Dazu die Projektleiter Prof. Harald Sitte und Prof. Michael Freissmuth vom Pharmakologischen Institut der Medizinischen Universität Wien: „Auf Grund ihrer ähnlichen Struktur konkurrieren die Amphetamine mit Neurotransmittern um den Platz an den Transportproteinen. Paradoxerweise ist es aber nicht diese Konkurrenz, die für die Wirkung der Amphetamine verantwortlich ist, sondern ein anderes, bisher wenig verstandenes Phänomen – die Amphetamine bewirken die Freisetzung von natürlichen Neurotransmittern, also eine Umkehr der Transportrichtung.“ Zur Erklärung dieses Phänomens haben nun Prof. Sitte und Prof. Freissmuth gemeinsam mit ihren KollegInnen ein viel beachtetes Modell veröffentlicht.

Zelluläres Teamwork

Zentraler Aspekt des Modells ist die Kooperation von zwei aneinander gebunden vorliegenden Serotonin-Transportern. Trotz Gleichartigkeit der Proteine – so das Modell – sind deren Transportrichtungen gegenläufig. Ein Umstand, dessen Ursache die Regulierung durch das zelluläre Enzym Proteinkinase C ist.

Das Modell geht davon aus, dass bei geringer Konzentration an Amphetaminen nur einer der beiden Serotonin-Transporter damit befasst ist, Amphetamine in die Zelle hineinzuschleusen. Ein Prozess, der eine Strukturänderung des Proteins erfordert. Der andere Transporter bleibt zunächst inaktiv und behält damit seine ursprüngliche Struktur. Dies erlaubt in der Folge der in der Zelle vorkommenden Proteinkinase C den Zugang zu einer wichtigen Aktivierungsstelle.
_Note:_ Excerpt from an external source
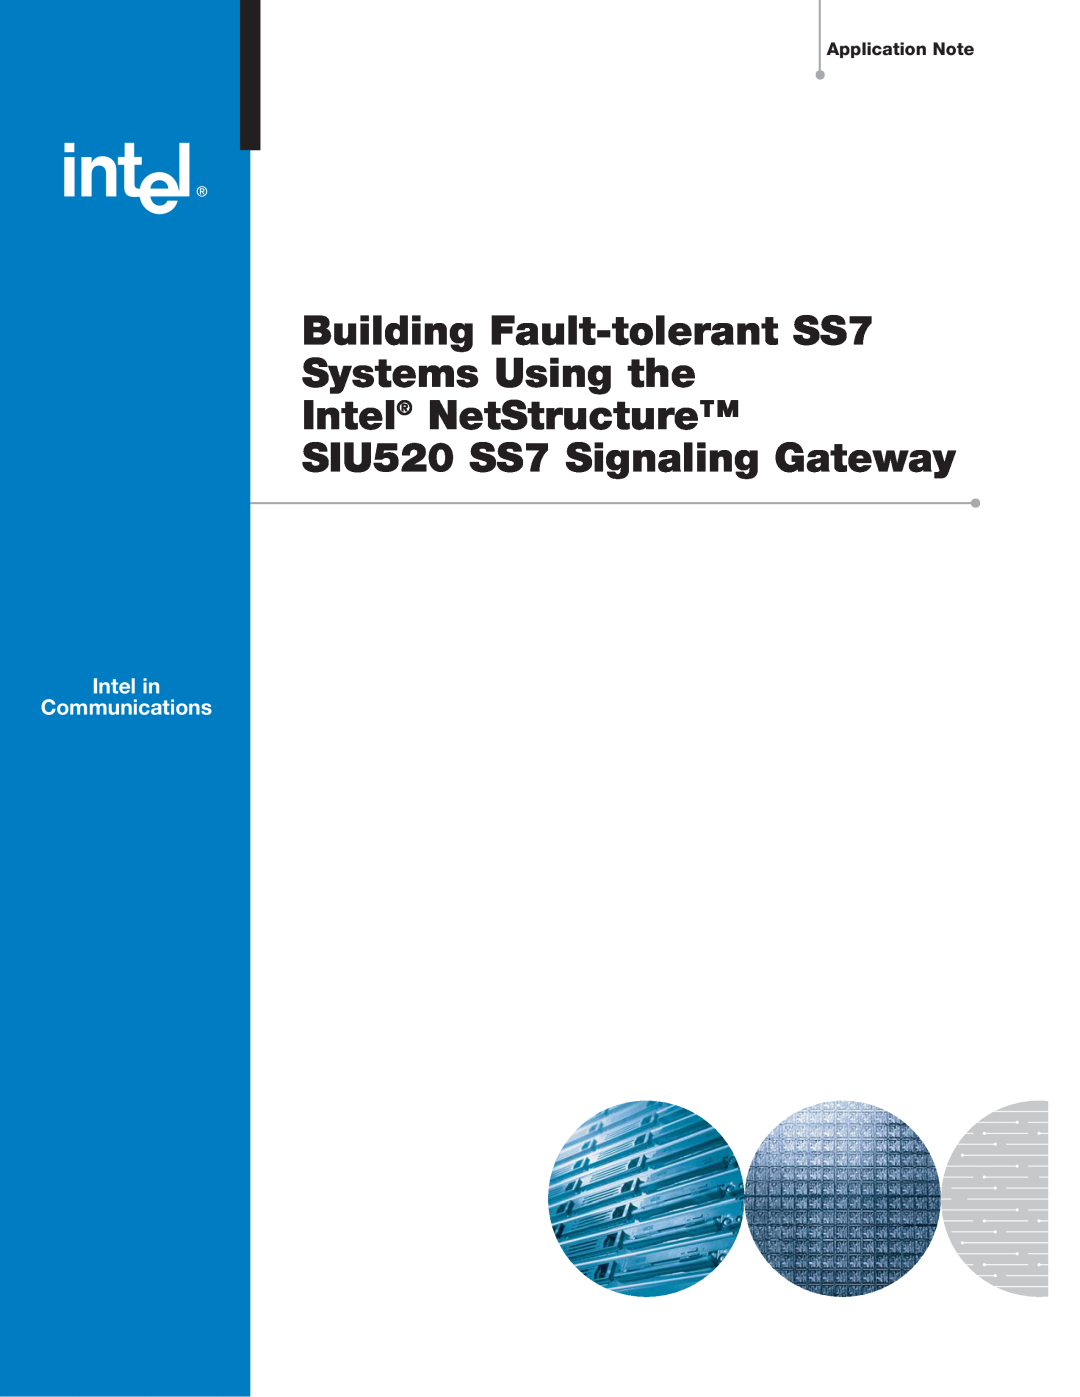 Intel SIU520 SS7 manual Application Note, Building Fault-tolerant SS7 Systems Using the Intel NetStructure 
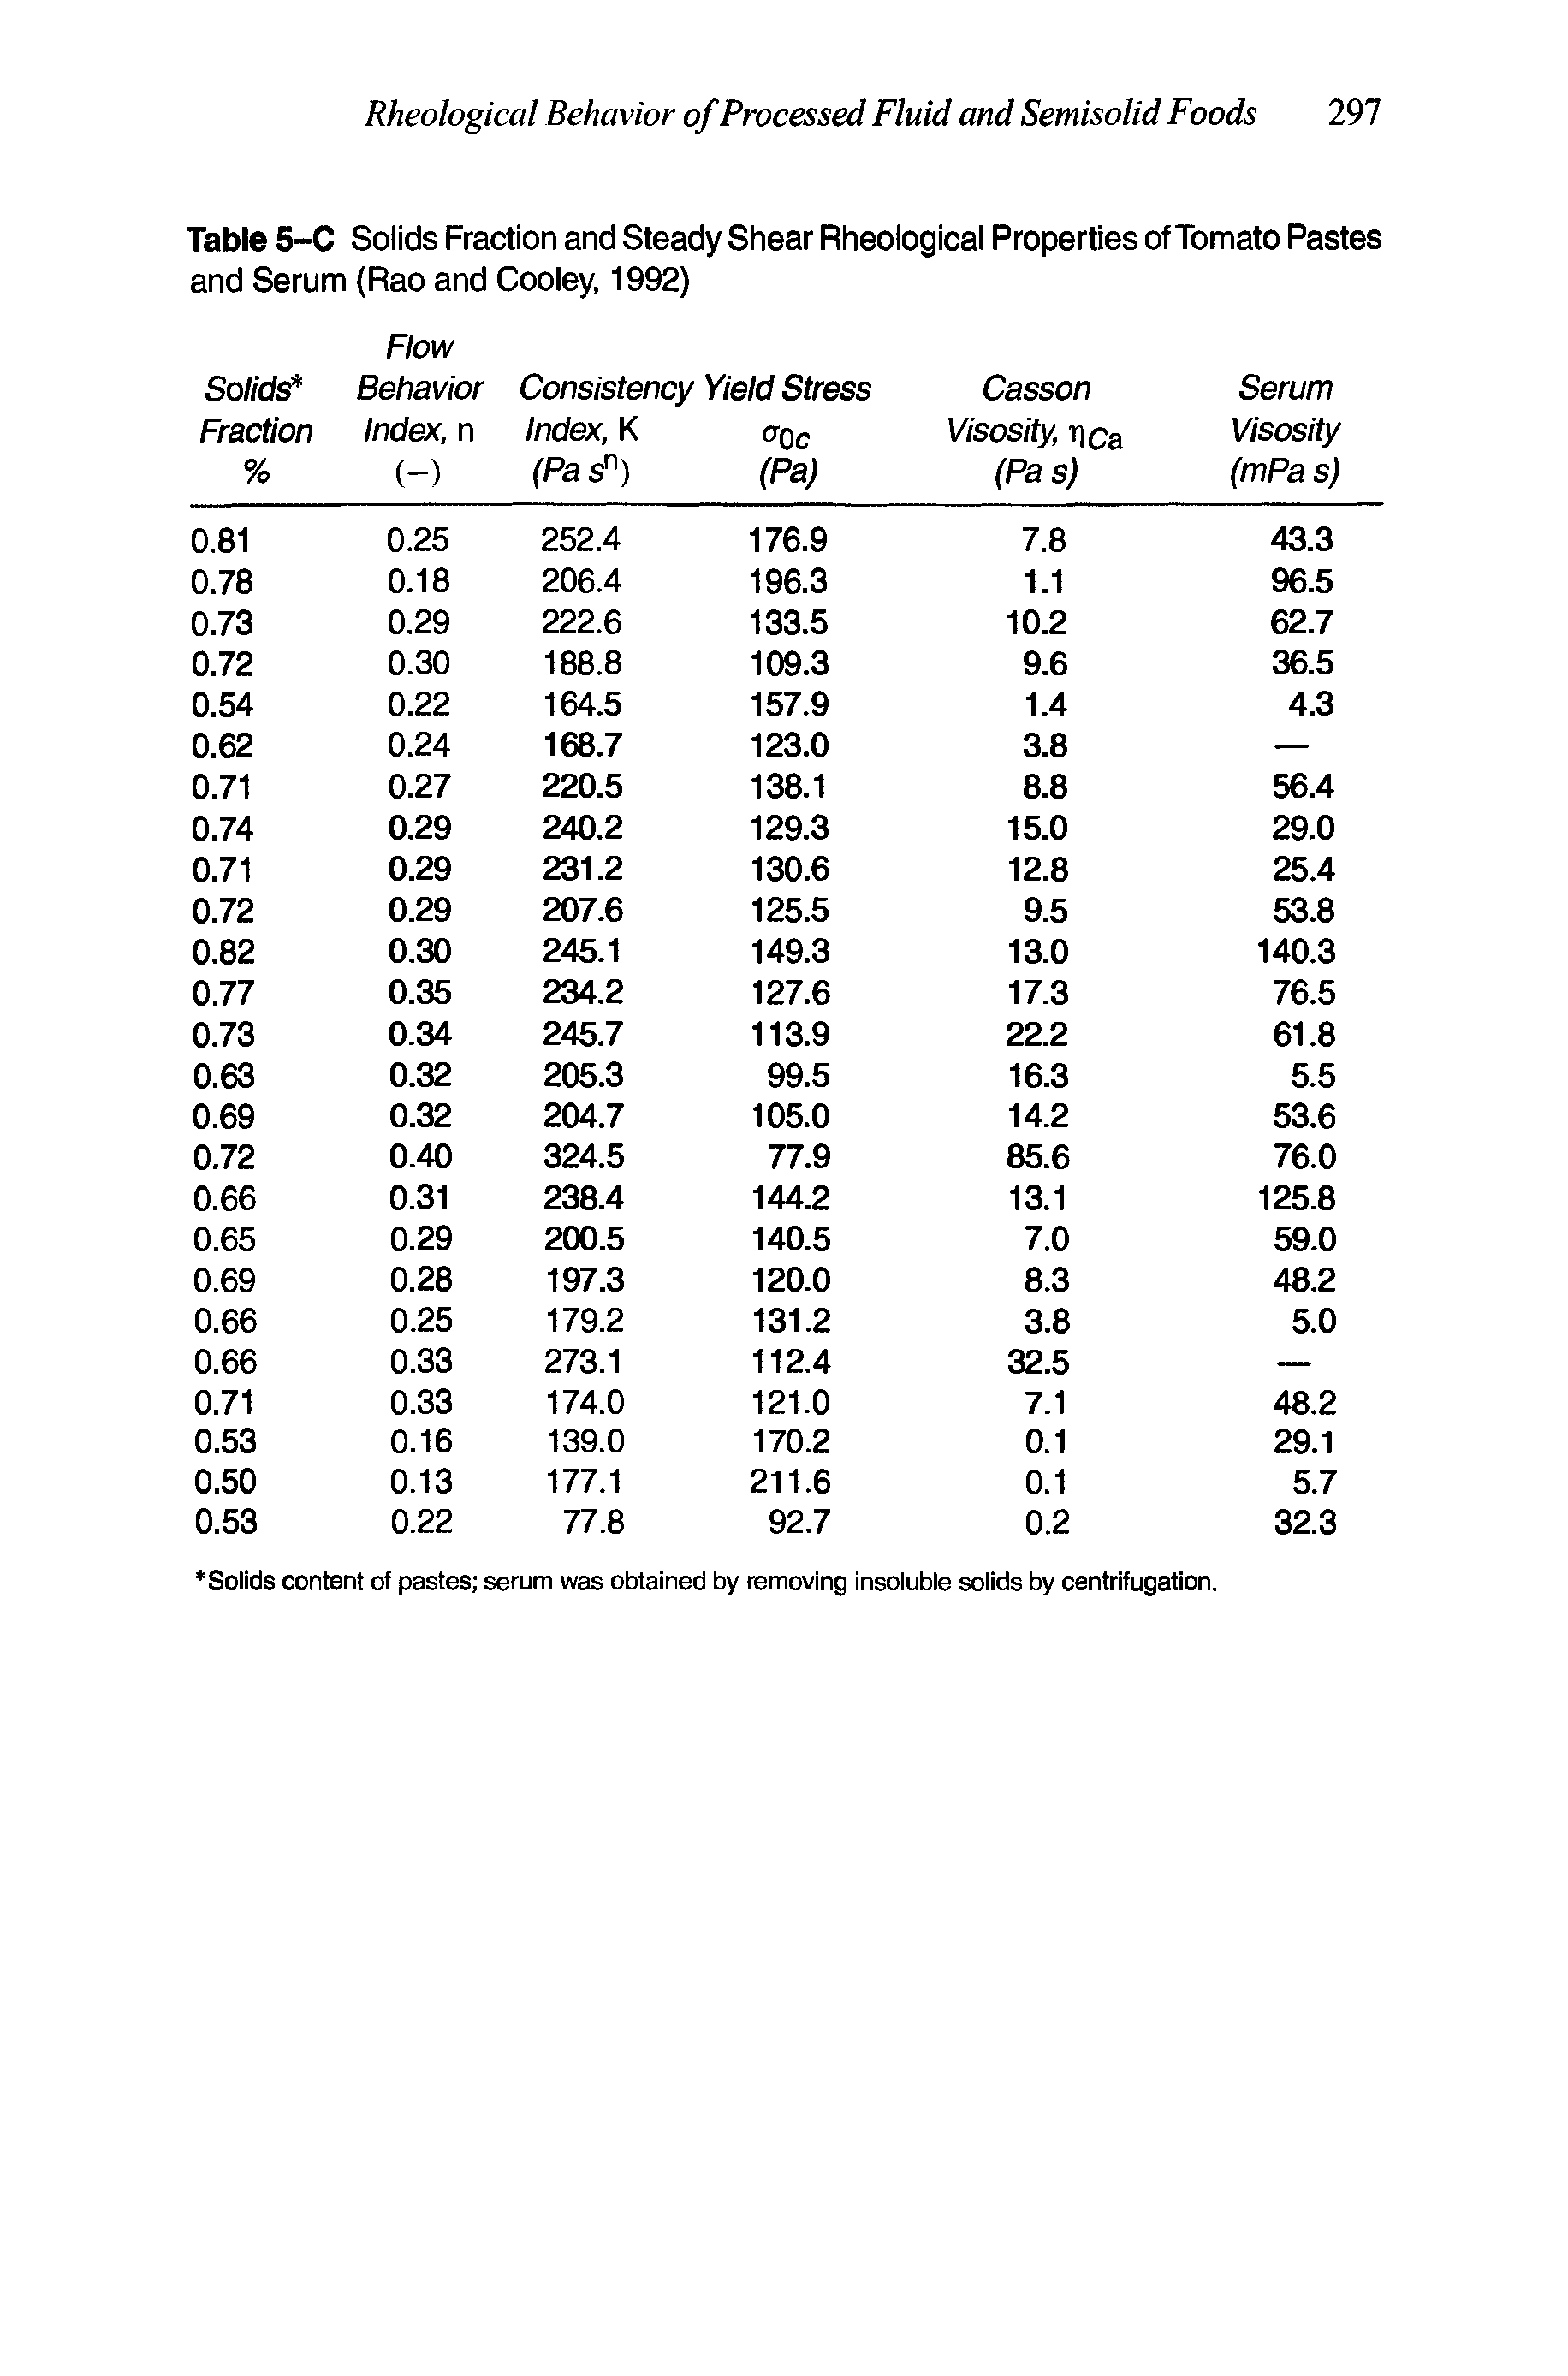 Table 5-C Solids Fraction and Steady Shear Rheological Properties of Tomato Pastes and Serum (Rao and Cooley, 1992)...

Bei dieser Aktivierung spielen die Amphetamine eine Schlüsselrolle. Dazu Prof. Sitte: „Damit die Proteinkinase C an der Aktivierungsstelle des zweiten Serotonin-Transporters wirken kann, muss das Enzym erst selbst aktiviert werden. Genau dies schafft das in die Zelle aufgenommene Amphetamin. In einer Art Kettenreaktion aktiviert die nun aktive Proteinkinase C den bis dahin inaktiven Serotonin-Transporter. Jener Transporter aber, der das Amphetamin ursprünglich in die Zelle transportiert hat, kann auf Grund seiner Strukturänderung keinen Zugang zur Aktivierungsstelle bieten und somit auch kein Serotonin hinaustransportieren. Die Wirkung der Amphetamine ist also quasi auf ein Pas de deux von zwei Proteinen angewiesen.“

Dieses international beachtete Modell steht im deutlichen Kontrast zu bisherigen Vorstellungen, dass ein und dasselbe Transportprotein sowohl Amphetamine in die Zelle hinein – als auch Neurotransmitter hinaustransportiert. Das Modell der Wiener Gruppe bietet nun neue Ansatzpunkte – zum Beispiel die Regulierung der Proteinkinase C – für optimierte Therapien von psychischen Störungen wie Depression oder Angstzuständen. Das vom FWF unterstützte Projekt ist damit ein hervorragendes Beispiel für Translational Research – das Finden neuer Anwendungsmöglichkeiten durch die Beantwortung grundlegender Phänomene.